Financial planning makes college education a reality for many in the new year
The new year is widely associated with personal resolutions for self-improvement that range from physical fitness to cutting out vices. For many, the goal of returning to school to earn a college degree provides the opportunity for impactful, long-lasting change and a more fulfilling life and career.
New data shows college graduates receive benefits in addition to a higher salary potential and lower chance of unemployment. For example, in 2011, 14 percent more bachelor’s degree holders were covered by employer-provided health insurance when compared to individuals holding a high school diploma. That same year, 65 percent of bachelor’s degree holders working full time, year-round were offered retirement plans by their employers, compared to only 52 percent of high school graduates.
Career growth, job stability and employee benefits have increased the pursuit of a college education, and with it, the cost of earning a degree. This new year, many students and their families are exploring diverse financial planning options to help make college education affordable, and the aforementioned benefits a reality.
Financial aid experts like Michelle Stipp, director of student finance operations for DeVry University, suggest students explore all opportunities to decrease supplemental student loans that may be needed to cover remaining tuition costs.
“Financial aid that the student does not have to pay back should be the first priority,” says Stipp. “This category consists of scholarships and grants offered by institutions and third parties, such as the federal government, state government or private or nonprofit organizations. These opportunities should be maximized to keep student loan levels as low as possible.” The U.S. Department of Education provides an online financial aid resource at studentaid.ed.gov to help students plan accordingly. Stipp suggests also exploring the following options:
Online scholarship search tools
The sheer volume of options can make finding the right scholarship a challenge for prospective students. Scholarship search websites help students sift through the options. For example, scholarships.com or fastweb.com can aid in finding the right scholarship for each individual. These websites allow you to sort scholarship options by institution and relevancy.

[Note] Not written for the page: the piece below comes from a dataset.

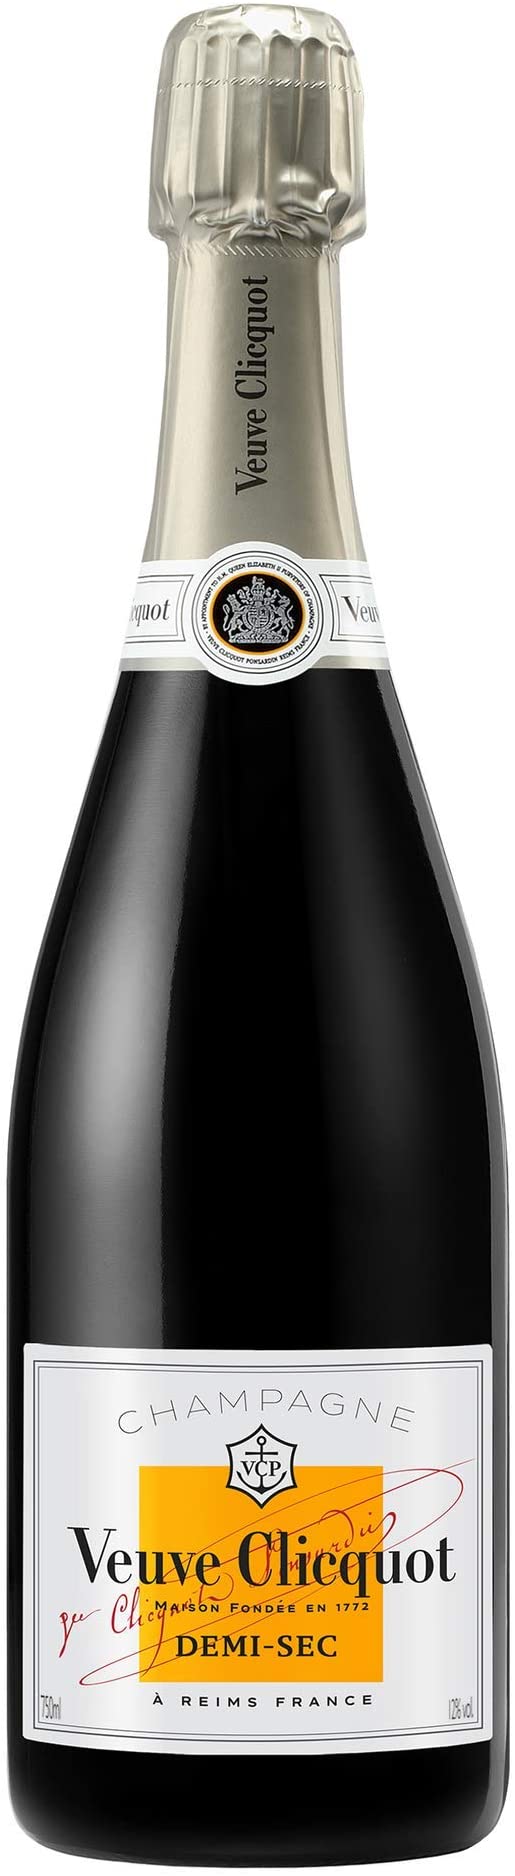 Veuve Clicquot Demi-Sec Champagne NV

Scholarship opportunities at your college or university
Beyond financial aid, many colleges or universities provide a variety of scholarship opportunities. Students and families often factor this in during the college search process. Scholarships can be awarded for many reasons, including academic excellence, extra-curricular participation and financial need.
DeVry University, for example, recently announced its Career Catalyst Scholarship, which is offered to qualifying new students enrolled in classes beginning in March. The scholarship is designed to aid students throughout their college journey, so it increases in value each year, up to a total of $20,000 in scholarship rewards depending on the degree program.
Employer reimbursement programs
Many employed adults also seek financial assistance when they choose to continue their education while working. In some cases, their employers provide tuition assistance or tuition reimbursement programs, through which employers offer to pay a portion of the employee’s tuition while they are enrolled. Employer reimbursement programs are a great way to access affordable education options that can increase career potential.
College-educated adults today are experiencing lower unemployment rates and other valuable benefits. As these advantages of college degree holders become more apparent, data shows the cost to pursue a degree is rising. From graduating high school seniors to working adults looking to continue their education, advance research and evaluation of financial aid and scholarship opportunities can help any student tackle the cost of education.